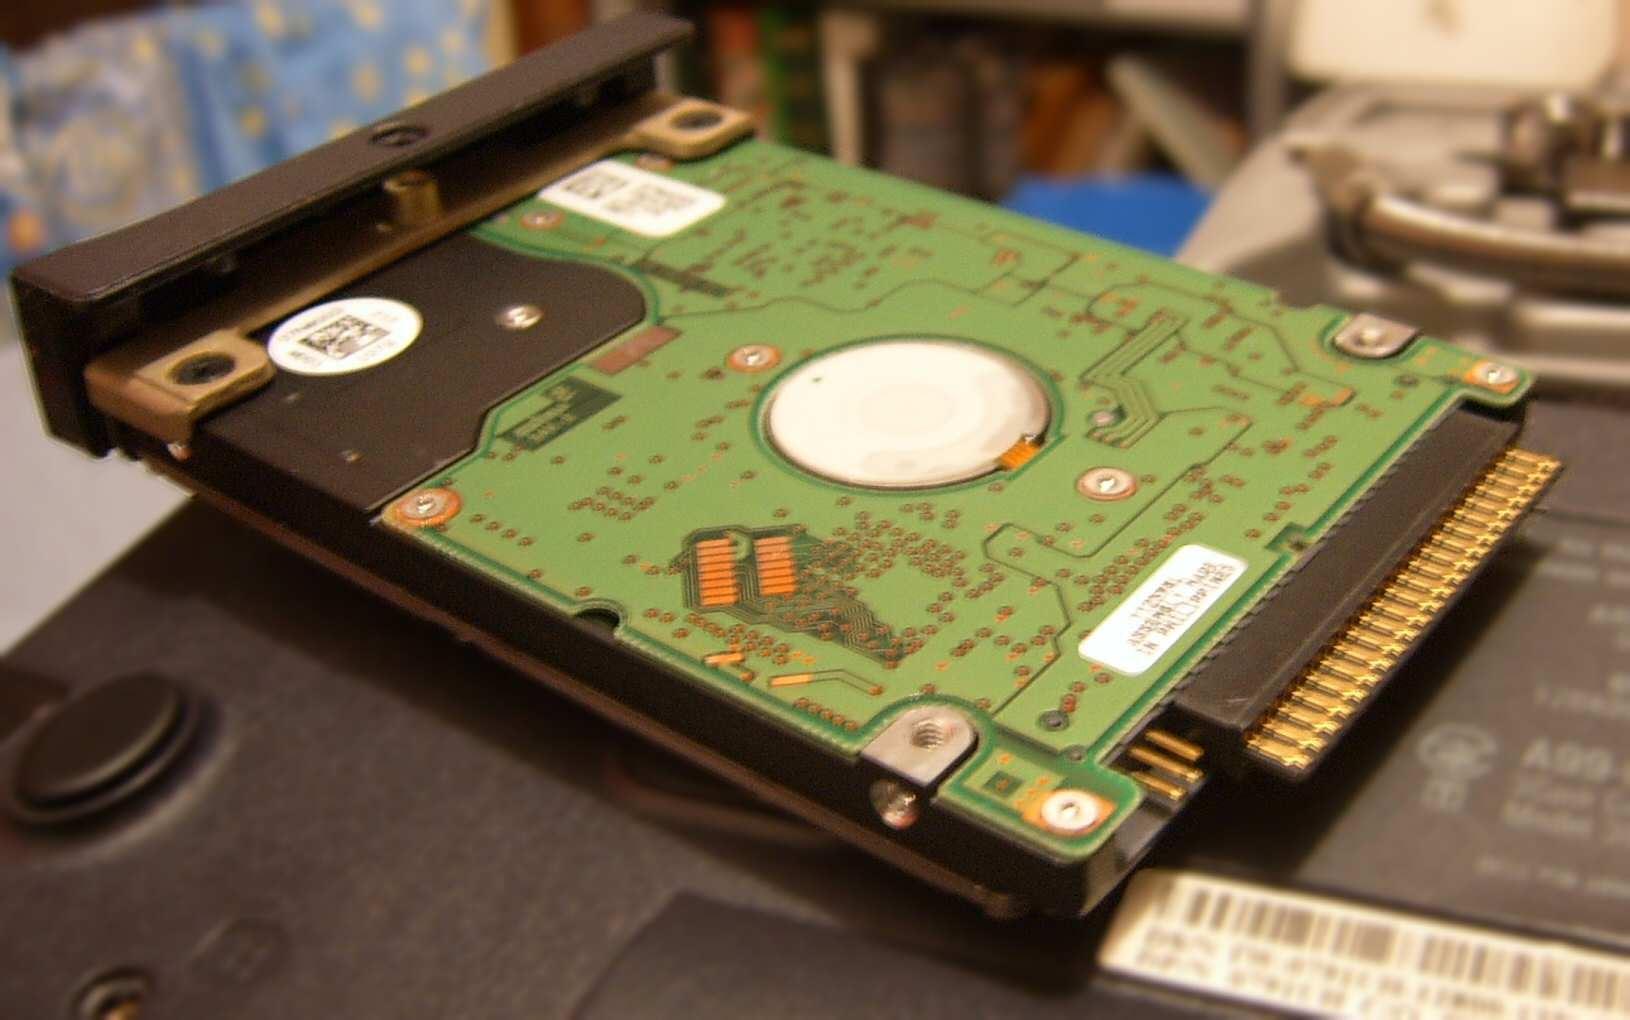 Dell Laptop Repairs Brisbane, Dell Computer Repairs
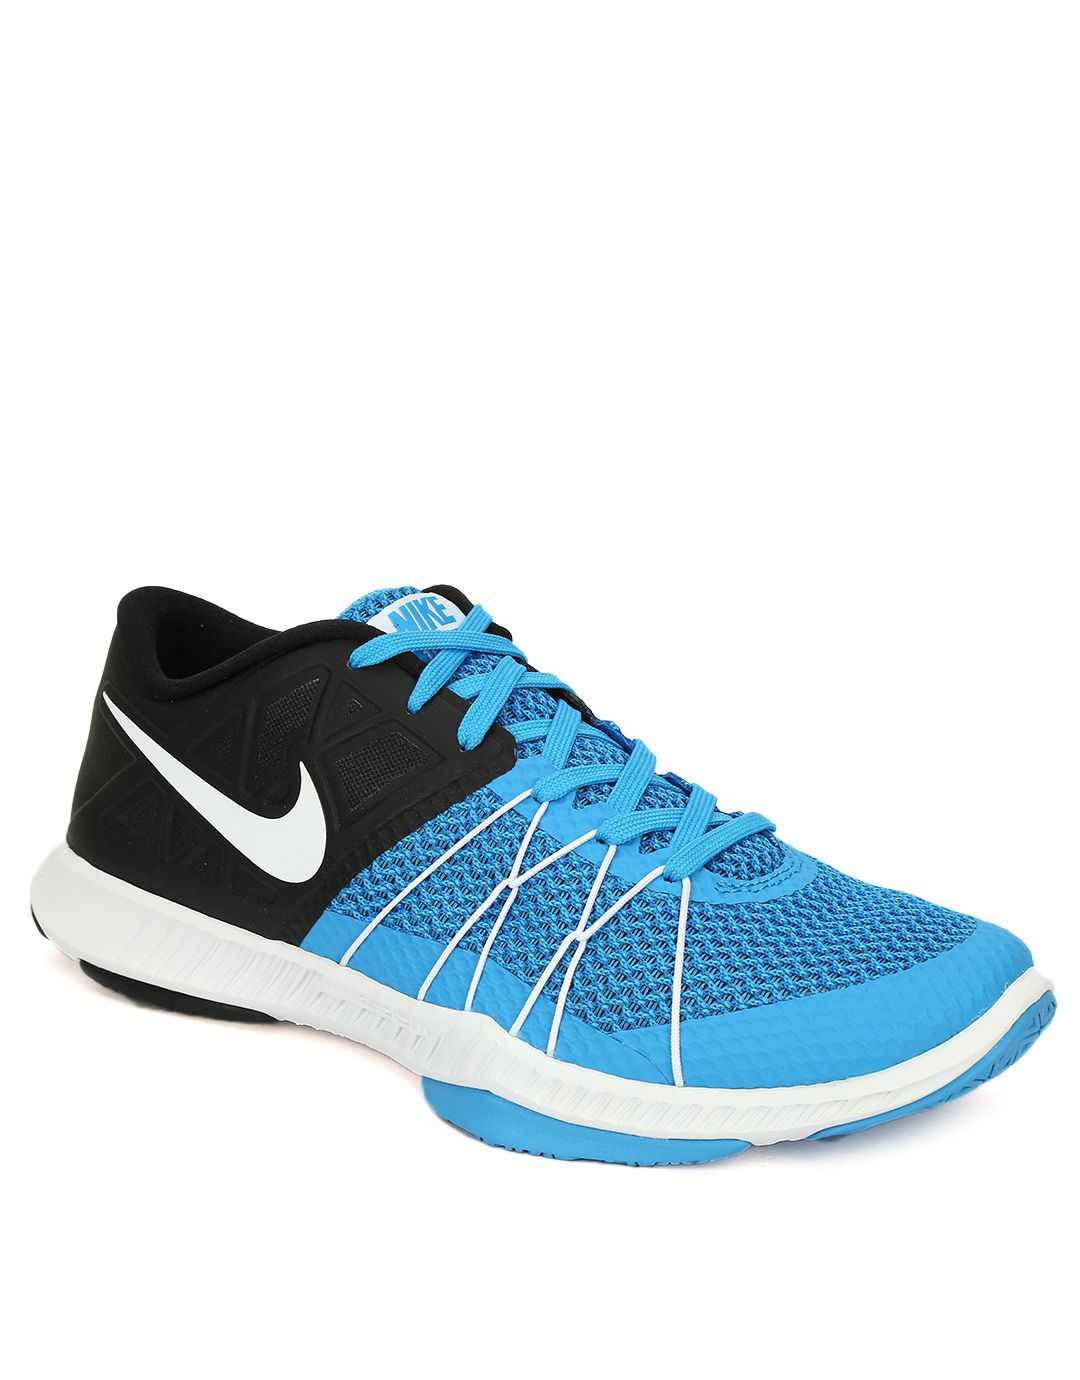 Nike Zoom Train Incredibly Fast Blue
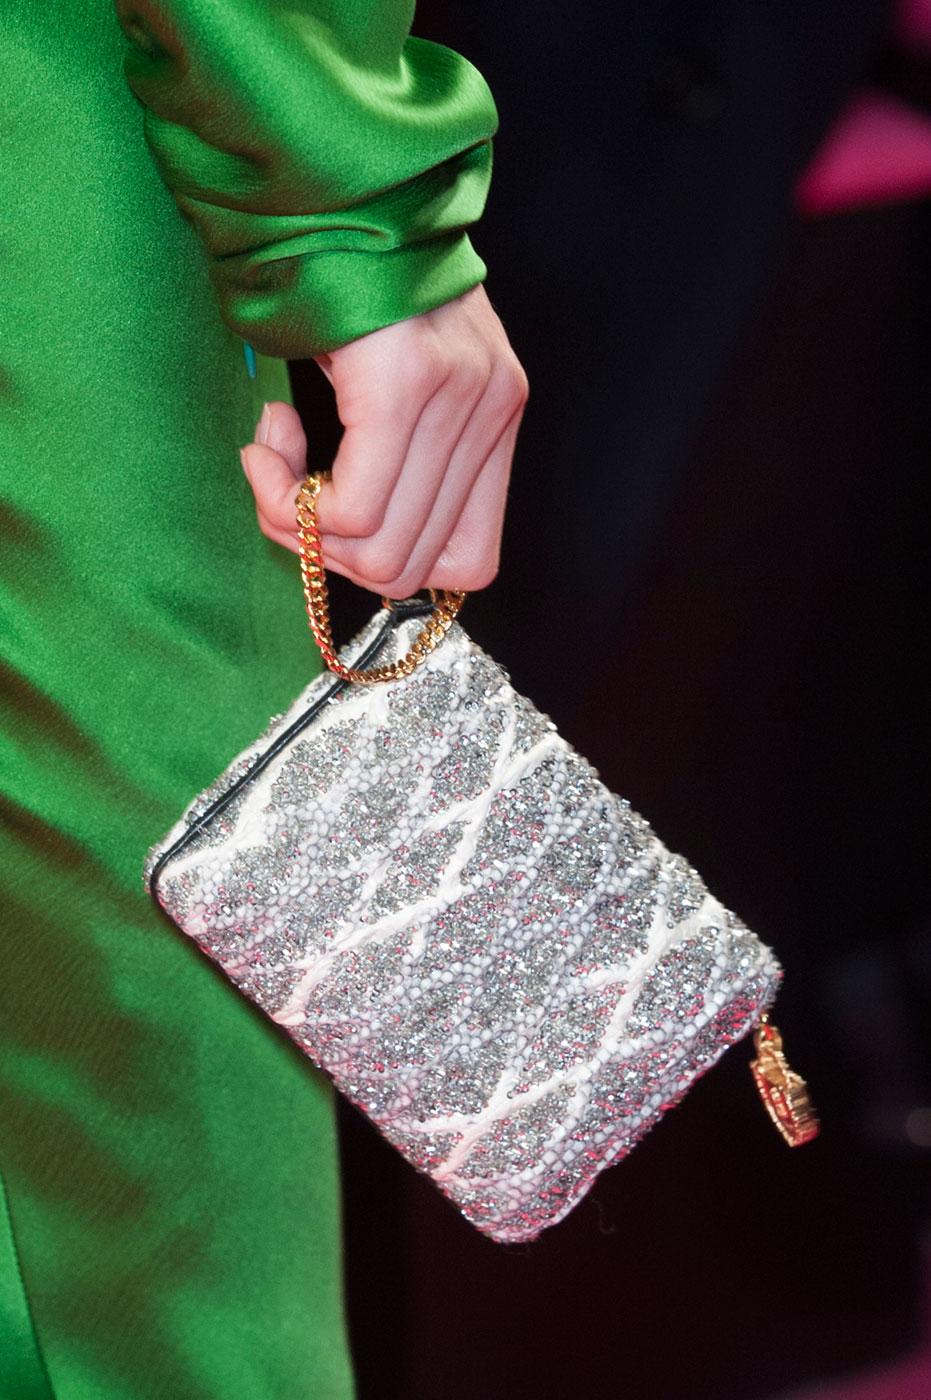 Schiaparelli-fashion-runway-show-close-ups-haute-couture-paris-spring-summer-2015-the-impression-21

+-------+

## TASK ITEM
Please repeat, exactly as written, only the lines from the line with "Nike Zoom Train Incredibly Fast Blue" to the end of the data, leaving out every picture.

## TASK RESPONSE
 Nike Zoom Train Incredibly Fast Blue
 Schiaparelli-fashion-runway-show-close-ups-haute-couture-paris-spring-summer-2015-the-impression-21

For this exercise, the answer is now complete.